En la guerra de la inteligencia artificial ya no solo se compite por lo económico. Varios de los países más importantes del mundo han dejado claro que esta batalla va mucho más allá de llenar los bolsillos de sus empresas. El último caso lo protagonizan dos gigantes: EE. UU. y China. Y la culpa, una vez más, es de un modelo de IA china que está haciendo levantar la ceja a los expertos y dejando claro que el país asiático está cerca de OpenAI, Google o Anthropic. Todas ellas, compañías fundadas en Estados Unidos y que, en mayor o menor medida, colaboran con el Gobierno de Donald Trump.
La IA china que lo ha revolucionado todo es Kimi, un modelo de lenguaje de Moonshot AI que ha roto varios récords y que, con un consumo mínimo, está consiguiendo batir a otras IAs con años de bagaje. Con tecnologías así, China deja claro que no solo puede competir con EE. UU. y el resto de países, sino que podría estar muy cerca de poder liderar la carrera de la inteligencia artificial.
Cada nuevo modelo reduce la distancia y tambalea la industria de la inteligencia artificial, provocando que EE. UU. haga movimientos curiosos que, una vez más, dejan claro que la llegada de la IA china no solo preocupa a nivel económico.

Trump y EE. UU. ya ven a la IA china como una cuestión geopolítica
Hace tiempo que la inteligencia artificial dejó de ser solo un negocio muy rentable. Su potencial es tan alto, engloba tantos recursos y es capaz de desenvolverse tan bien en diversos aspectos, que su importancia a nivel geopolítico ya es clave para muchos. Estados Unidos y Donald Trump lo han dejado claro tras el lanzamiento de la IA china Kimi, endureciendo su discurso sobre el uso que China hace de sus propias tecnologías.

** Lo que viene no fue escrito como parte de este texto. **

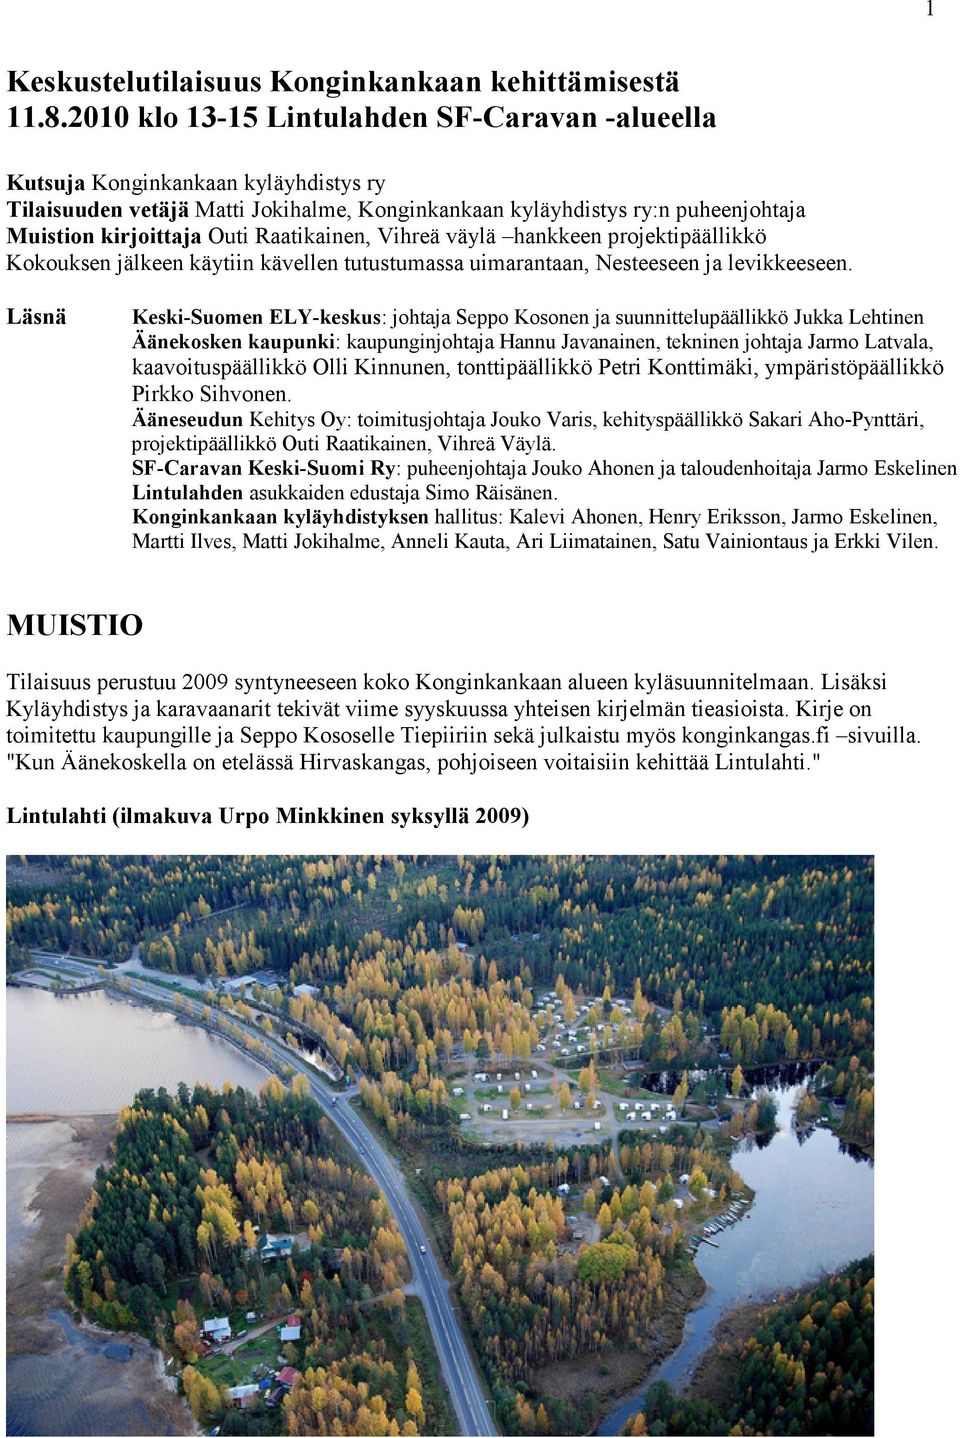 Raatikainen, Vihreä väylä hankkeen projektipäällikkö Kokouksen jälkeen käytiin kävellen tutustumassa uimarantaan, Nesteeseen ja levikkeeseen.

De hecho, el Gobierno de Trump está impulsando nuevas restricciones para que la IA china no pueda beneficiarse de la exportación de chips y otras tecnologías relacionadas con la inteligencia artificial. Una serie de movimientos que retiran el foco de lo económico y ponen a la IA como una herramienta mucho más importante para uno de los países más relevantes del mundo.
La IA china ha dejado claro que Estados Unidos ve a la inteligencia artificial como un activo militar, económico y de influencia internacional, por lo que la guerra ya no solo se está librando en los benchmarks: EE. UU. está metiendo mano para obligar a China a frenar su avance, impidiendo que haga uso de chips de NVIDIA o AMD.

¿Qué dice China al respecto?
Por su parte, China ha dejado claro que EE. UU. tiene la clara intención de frenar su avance de forma artificial y, de forma paralela, el país asiático también ha confirmado que para ellos la inteligencia artificial no es solo una cuestión económica. Desde el gobierno se está ayudando a la industria a mejorar, y el sector ha anunciado planes para intensificar el desarrollo de sus propios chips para que la IA china consiga la autosuficiencia tecnológica.
En otras palabras, que China ya está dando con la clave para no depender de EE. UU. en materia de inteligencia artificial. El país ha demostrado que sabe hacer modelos muy potentes, y ahora quiere hacerlos correr con datos propios y en procesadores made in China para que todas las restricciones de Trump no les afecten a ningún nivel. Ni económico ni geopolítico.
Si te ha gustado este artículo y quieres recibir más contenido sobre innovación y tecnología directamente en tu correo, suscríbete a nuestra newsletter y mantente siempre actualizado. No somos de los que llenan tu bandeja, solo compartimos los lunes.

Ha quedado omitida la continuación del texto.